Living with Arthritis
Living with arthritis can be very challenging. It makes everyday tasks increasingly difficult, especially if the arthritis is progressive. The good news is there are changes that you can make to slow or prevent the progression of arthritis.
Most of the lifestyle changes needed when living with arthritis are interrelated. They include:
- A healthy diet;
- Regular exercise, and;
- Assistive devices.
A healthy diet is one of the cornerstones of managing arthritis. When picking a diet, you should choose a variety of whole grains, nuts, fresh fruits and vegetables, and lean cuts of meat and fish. These will provide vitamins and minerals that have the potential to reduce inflammation.
Conversely, you should minimize or avoid fried/greasy foods, highly processed foods, milk/dairy products, and fatty cuts of meat. These are potent inducers of inflammation.
Furthermore, if you have RA, a gluten-free diet and omega-3 fatty acids may improve symptoms and possible disease progression. Diet is a key component in the management of gout as foods high in purines, alcohol, and sugar should be limited in individuals with the disease. Also, consider eating smaller portions and drinking a glass of water before each meal.
Regular exercise is another cornerstone, especially since it helps to keep joints limber. Swimming and other water sports/activities are excellent choices. This is since the buoyancy of the water drastically reduces the stress on weight-bearing joints such as the hips and knees.

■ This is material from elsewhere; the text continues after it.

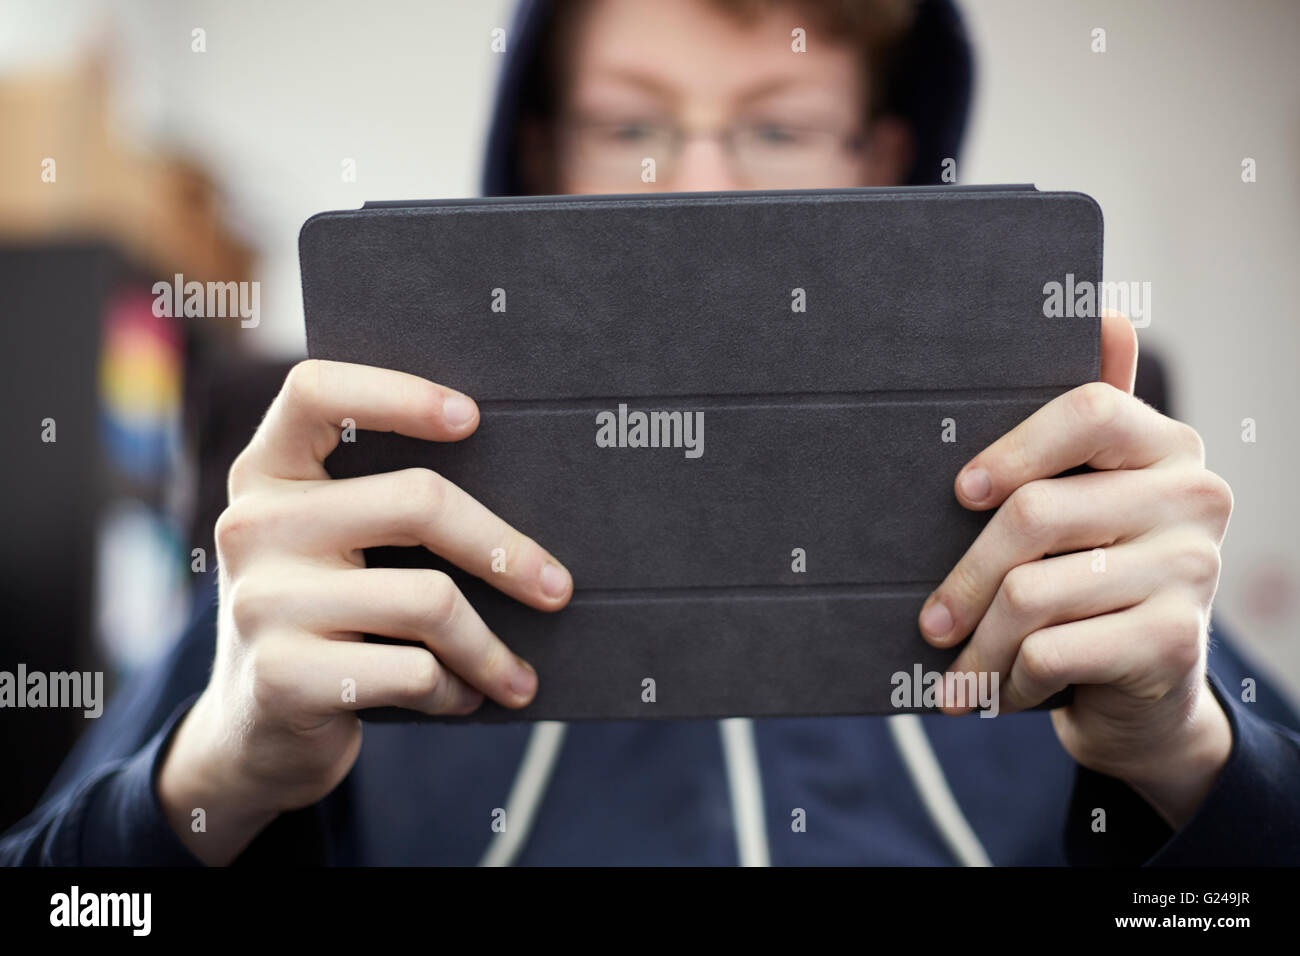 Man with Glasses using Apple iPad - Stock Image

As previously noted, you should strive for at least 30 minutes of moderate physical activity five days per week. Other tips to help with exercise include:
- Taking a 20- to 30-minute walk after meals;
- Using the stairs instead of the elevator, if possible, and;
- Counting your steps with a pedometer.
Remember to consult your doctor, physical therapist, or occupational therapist before starting a regular exercise regimen. This will help you avoid overexertion.
Don’t be afraid to ask for help with specific tasks and keep an open mind with regard to assistive devices. Everyone wants to maintain their independence, but it may be foolish and painful to ignore your physical limitations resulting from arthritis.
Assistive devices include canes, crutches, walkers, wheelchairs, shower seats and raised toilet seats. These devices may help to protect your joints and improve your ability to perform activities of daily living.
Arthritis is the leading cause of disability among U.S. adults. In fact, by the year 2040, it will grow to affect more than 78 million Americans.
For many individuals, arthritis has the potential to become a source of chronic pain with associated depression and/or anxiety. Moreover, arthritis is pretty common in individuals with other chronic medical conditions (i.e., 49 percent of adults with heart disease, 47 percent of adults with diabetes, and 31 percent of adults with obesity).
Fortunately, early diagnosis and treatment with multiple effective techniques can prevent or slow the progression of this all too common disease.